Originally Posted by holmburgers
There might be some irony there, somewhere, but I can't quite put my finger on it. :blink:
Well, you know, the producers and directors/writers rarely see eye to eye. Whatever... let's talk about something else.. ;)
The archetype of this story is really the Tarzan series if you go back to basics.
And, as I said earlier, if you see the extended cut fully, you see that the wimpy business man rejected his military assistant's plans and was imprisoned for his "change". His final words in that movie to the commander were "you are SO fired!".
BTW, there are about 30 books in the Tarzan series and about 30 books in the OZ series. Tarzan continues to be brought back in films, but OZ has not. Wonder why? Is it the generic Avatar type story line? Hmmmm.
My comment is pointed toward Hollywood than any person, you included.
All of Hollywood is one, big B.S. fantasy land. Nothing is real, not even the fake stuff.
James Cameron or anybody else talking about how great 3-D movies or 48fps. movies or anything else is nothing more than hype, hyperbole and bull$#it.
You can count the number of good movies that come out in a given year on one hand and you can count the number of really GREAT movies that come out in a decade on one hand. The rest is claptrap and bull crap.

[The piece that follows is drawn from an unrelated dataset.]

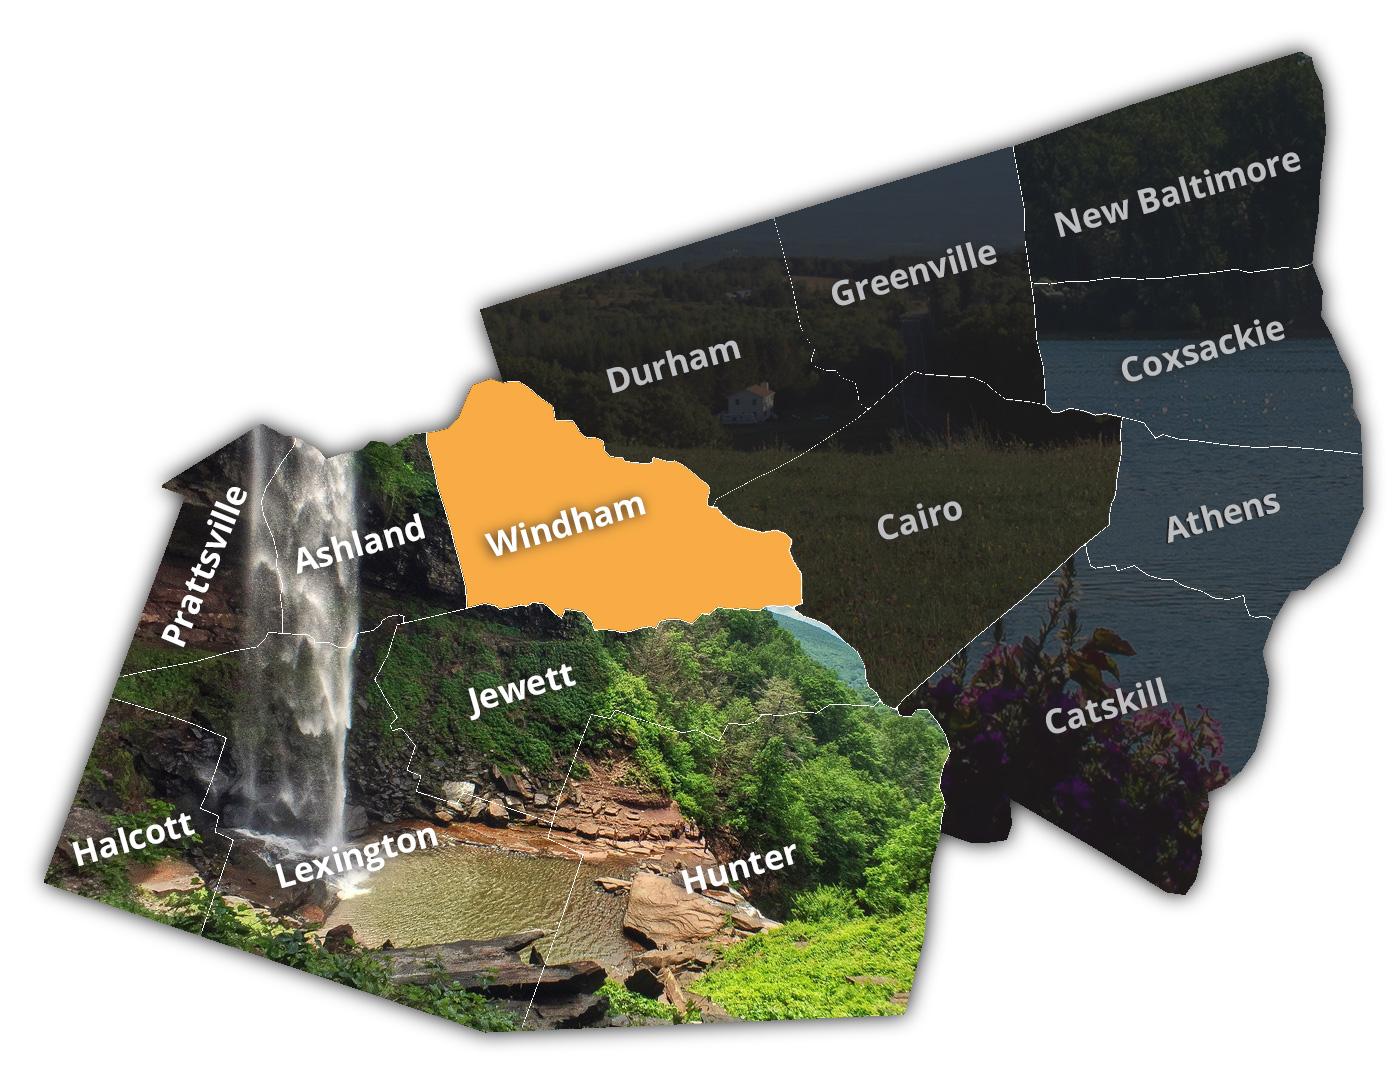 Windham in Greene County

There was a saying, several years ago: "I could eat a can of Kodak and PUKE a better movie!"
95% of everything that Hollywood pumps out is hype and hyperbole designed to sell the same warmed-over porridge again and again in a slightly reorganized and repackaged format. 3-D movies, 48fps. movies or even 1,048fps movies aren't going to make the stories better. All Cameron does is wow people with smoke and mirrors. He doesn't make great movies. It's just that he's plugged into the Hollywood P.R. machine and he gets all the hype. Nothing more.
Saying James Cameron is a great director/producer is like saying Jessica Simpson is a great actress.
At least Pia Zadora had the guts to admit that she f***ed her way to the top!